Note: Sonny Albarado is the 2012-13 national SPJ president. He took office on Sept. 22 during the Excellence in Journalism conference.
Looking on the past year as president-elect, I see two glasses — one half-empty, the other half-full.
The half-empty glass shows that I failed to achieve some of the pledges I made to convention delegates when I sought their votes in New Orleans a year ago.
The half-full glass contains examples of the personal goals I met and tasks I accomplished as President John Ensslin’s designated hitter on crises that developed during the year.
A year ago, I told the convention that one of my goals as president-elect would be to focus on not just ending the slippage in our membership numbers but growing our ranks.
I can’t claim to have personally done a lot to fulfill that goal — although I did make some calls to lapsed members in an effort to get them to rejoin as part of a membership drive created by Ensslin and Membership Committee Chairwoman Holly Edgell. And in September, Edgell’s committee embarked on a new membership drive dubbed E1R1, or each one, recruit one.
Any newly recruited member or renewed lapsed member will make that effort a success, I believe.
Our membership numbers continue to hover at about 8,000, so you might say the glass is also half-full.
Also in the half-full glass is my pledge to work with national SPJ board and staff to find ways to expand our professional development offerings and to use those programs to build SPJ’s brand recognition to attract and keep members.
Executive Director Joe Skeel, Associate Director Chris Vachon and the staff made this goal easy to achieve because Joe has a vision for what SPJ can and should do as it transforms itself into a 21st-century, digitally oriented organization that not only serves individual journalists but the cause of independent journalism worldwide.
I can’t take credit for one of the changes Skeel is trying to make, but I heartily approve and hope the SPJ board will fully support it. That change is to our highly successful Ted Scripps Leadership Institute, which has brought about 50 SPJ chapter leaders to Indianapolis each summer for more than a decade to be trained in how to lead a volunteer organization.
Because the venue SPJ uses to hold the institute is closing, Skeel, Vachon and Tara Puckey — our new staff chapter coordinator — asked not just whether the institute should keep going but how it might be improved.
Their proposal: take leadership training to the chapters. They’ve asked the board to approve the change, and they’re asking the Scripps Howard Foundation to continue providing the $50,000 a year in grant money to make it happen.

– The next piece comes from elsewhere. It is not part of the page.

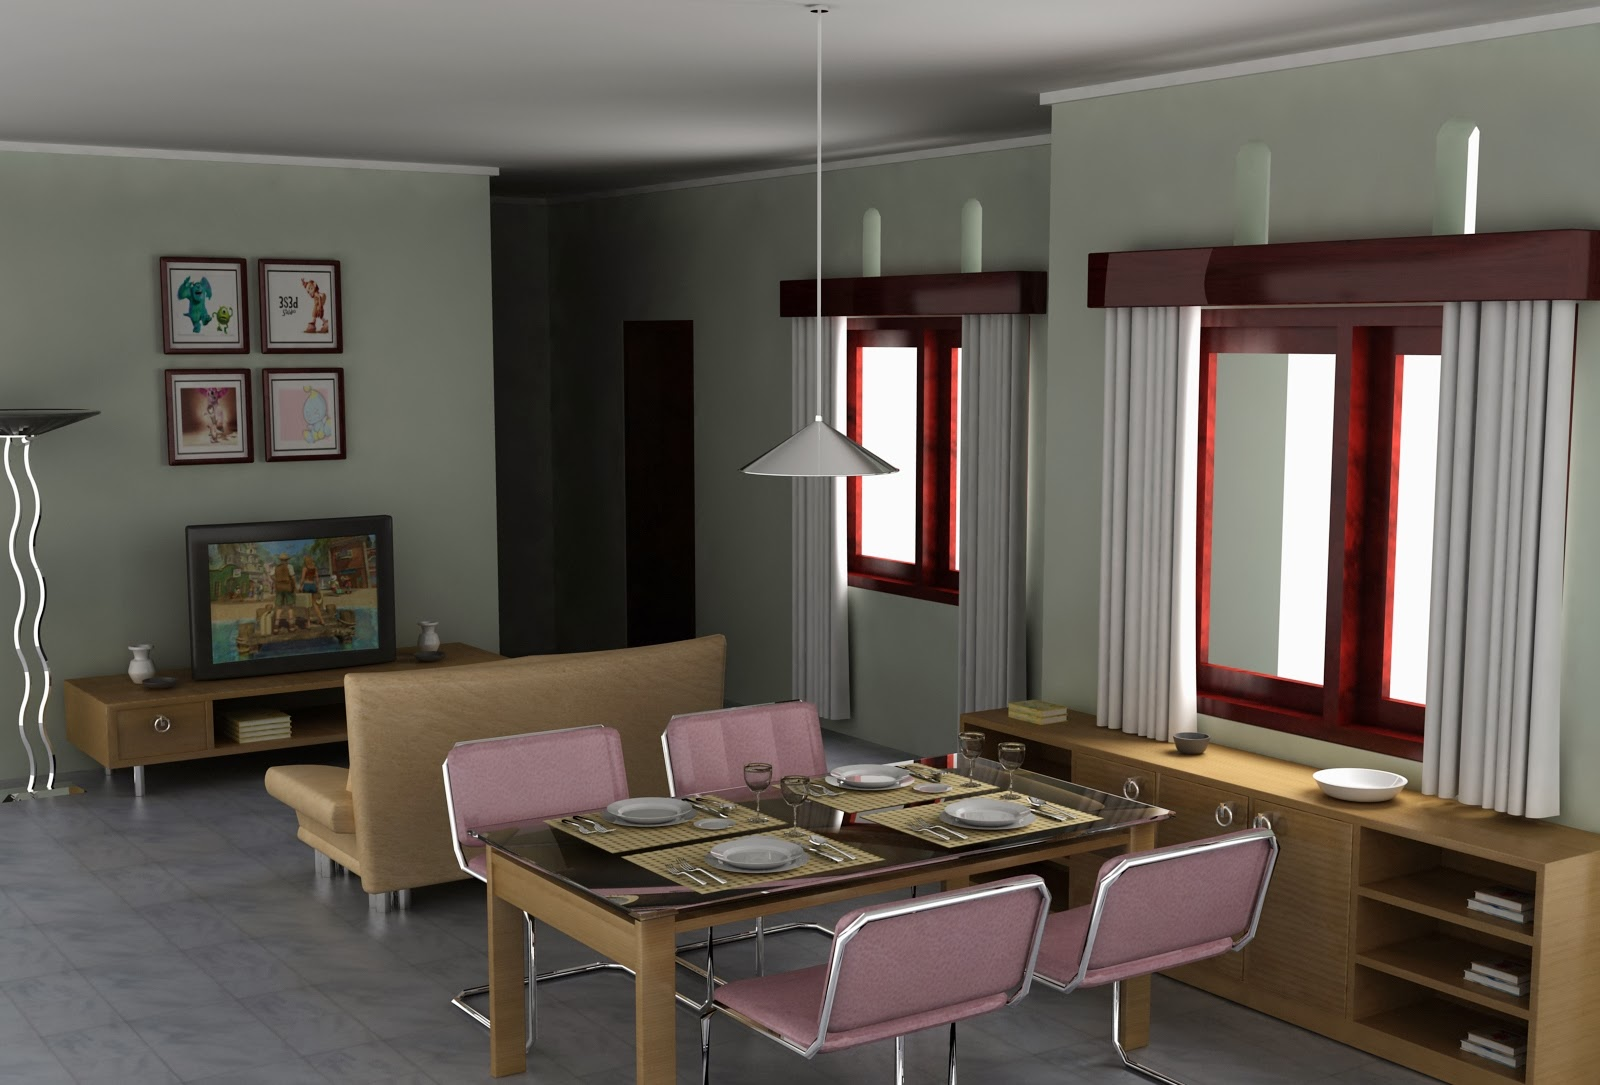 Foto interior rumah mungil 87

If the proposal succeeds in getting board approval and continued funding, the future of SPJ’s local and national leadership should be assured for a generation or more.
In the past year, SPJ also has expanded its professional development offerings. A cadre of Freedom of Information activists, including national secretary-treasurer Dave Cuillier, broadened the reach of Cuillier’s brainchild, Access Across America. Our online library of on-demand training videos keeps growing, and our in-newsroom training continues to be sought after.

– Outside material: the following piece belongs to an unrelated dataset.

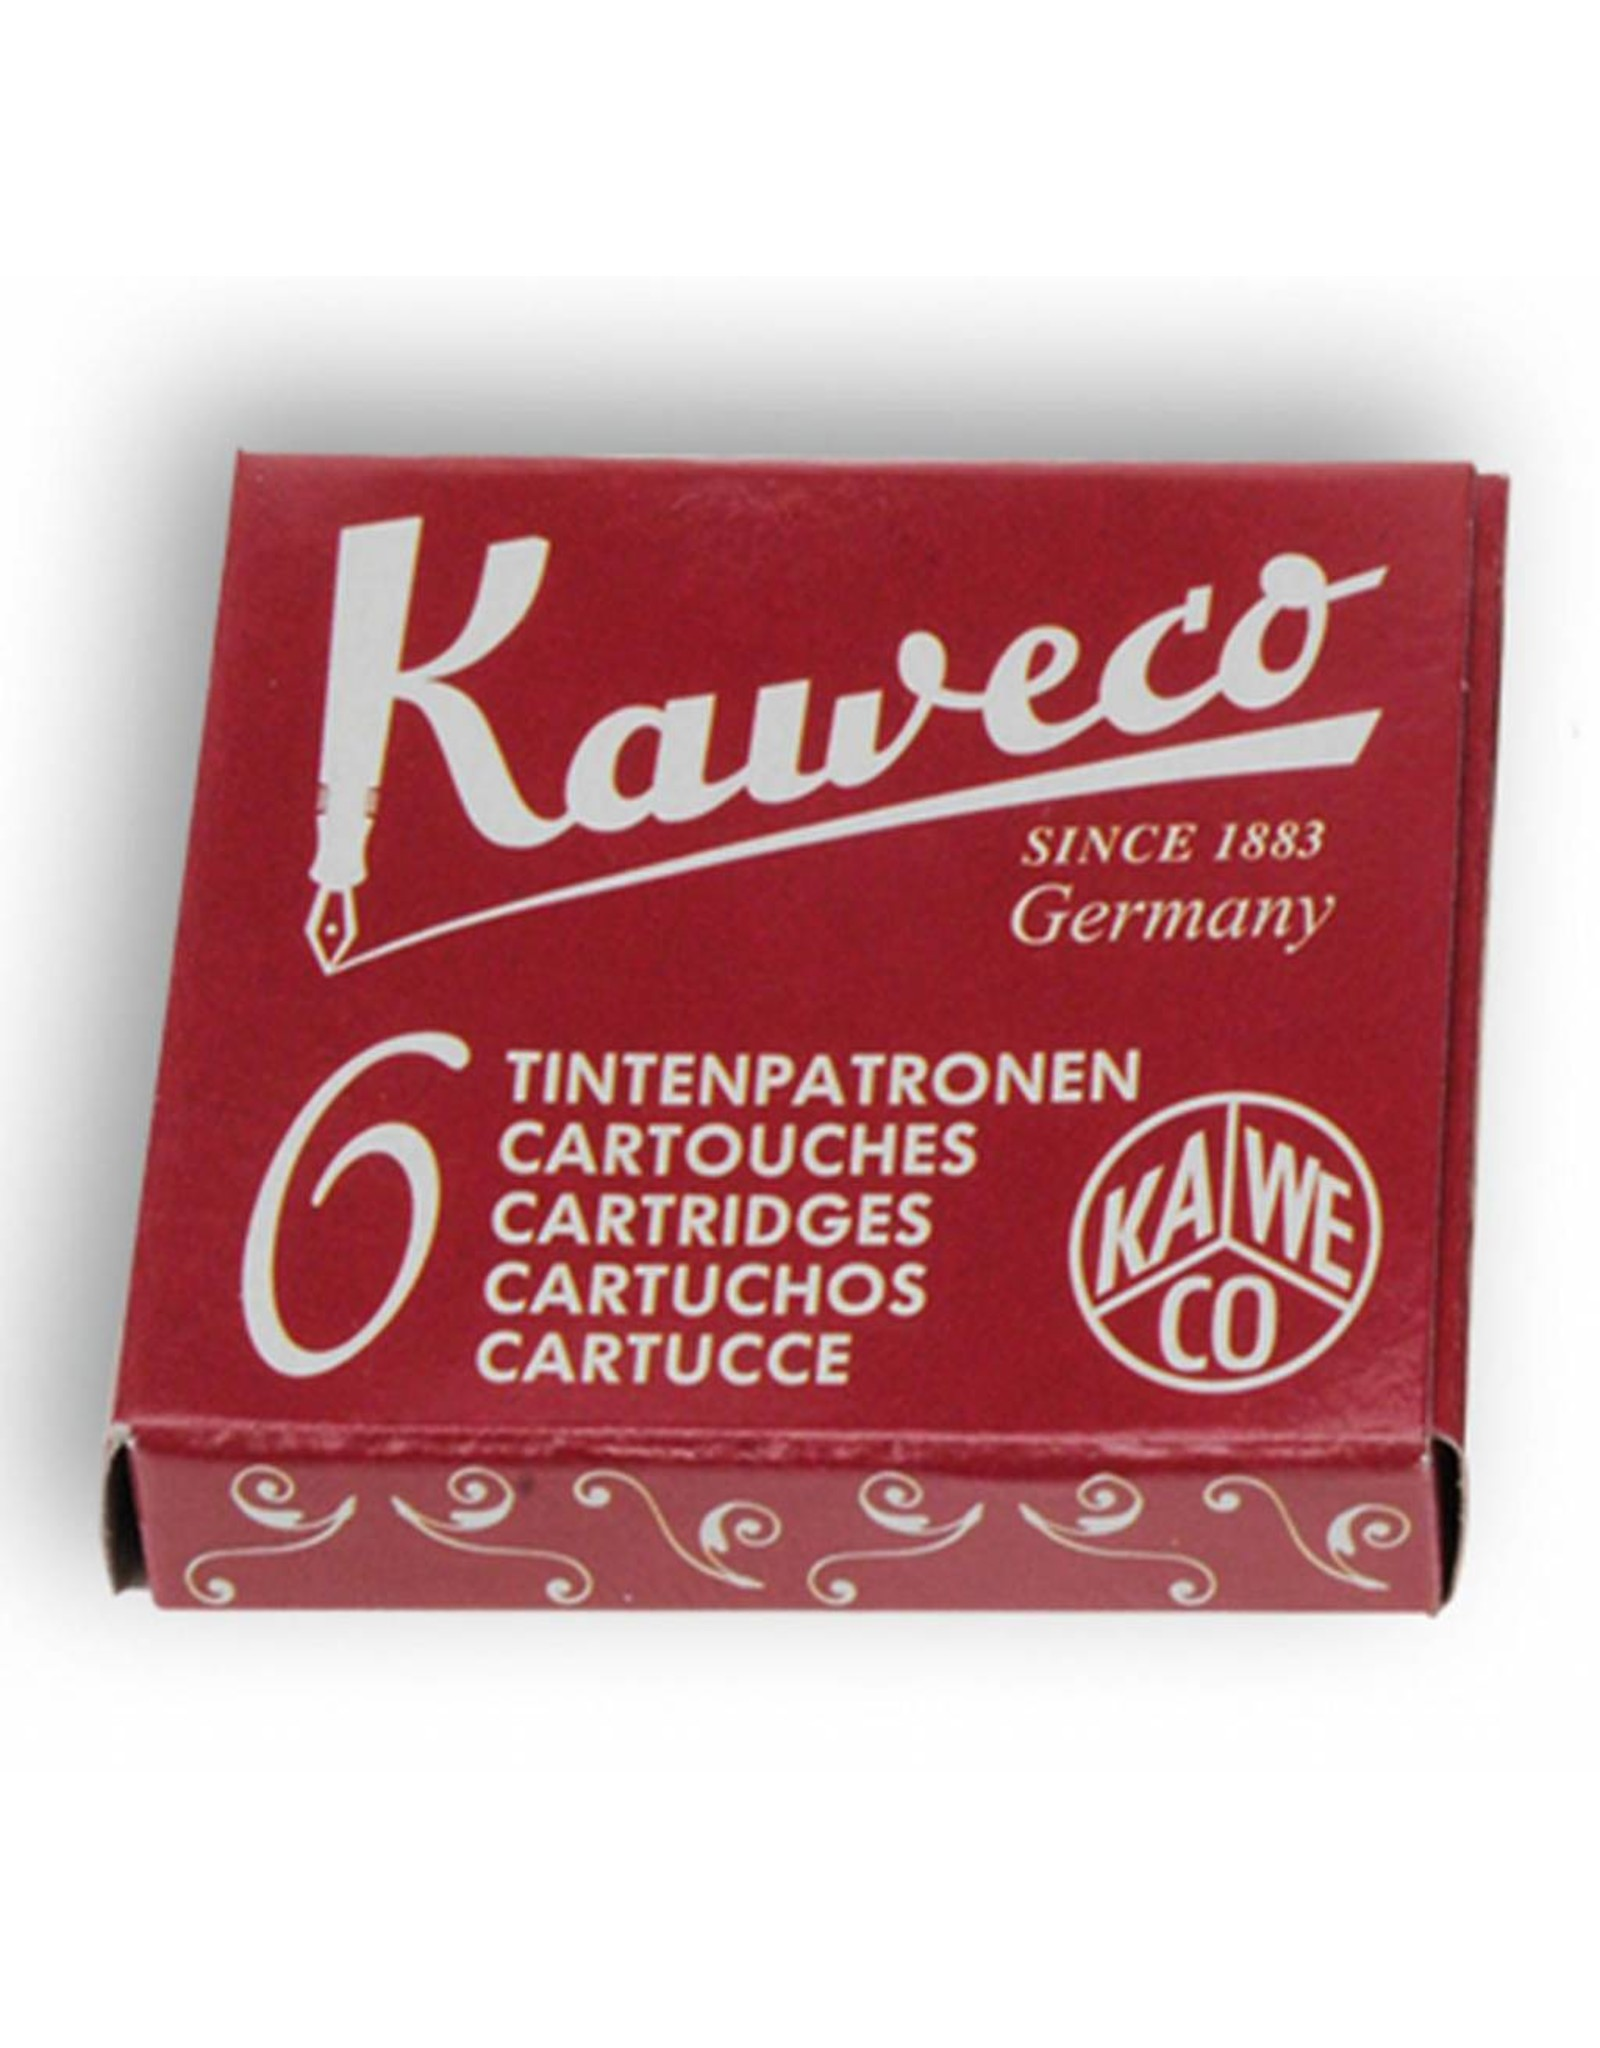 Kaweco vulpen vullingen (6) ruby red

In the coming year, I will work with Skeel and the staff to strengthen and expand our training offerings and chapter programming ideas because I agree with him and Region 3 Director Michael Koretzky.
It might surprise you to know that Skeel and Koretzky agree on this: Programming attracts members.
But Koretzky’s view that SPJ needs to “do more” goes beyond training sessions or topical programming.
He and others I’ve heard from in recent weeks believe SPJ needs to improve its response time when threats to journalism and journalists pop up, which they seem to do more and more frequently
Many of you reading this likely heard of what happened in mid-August at The Red and Black, the independent student newspaper at the University of Georgia. If not, the essence is this: Student editors walked off the job on a Friday evening to protest what they believed was increasingly heavy-handed efforts at editorial control by the professional staff and the paper’s governing board.
The walkout lit up the Twittersphere and the rest of the journalism world online. At Ensslin’s request, Koretzky went on a fact-finding mission. Then, without reporting his findings to Ensslin, Koretzky posted them, along with his opinions, on the Region 3 SPJ-hosted blog.
A lot of back-and-forth ensued that I won’t get into here, but if you’re interested, read Koretzky’s posts on the issue and Ensslin’s blog.
The point, though, is that we heard from SPJ members who agreed that our organization lost ground by not tweeting, posting or otherwise commenting on the Red and Black situation more quickly.
They fault SPJ for not having a nimble social media policy.
So, I’ll promise you the same thing I promised Koretzky: We’ll work on improving our response time to journalism flare-ups. And we’ll tweak our approach to social media.
Ultimately, I believe SPJ will “do more” and grow stronger.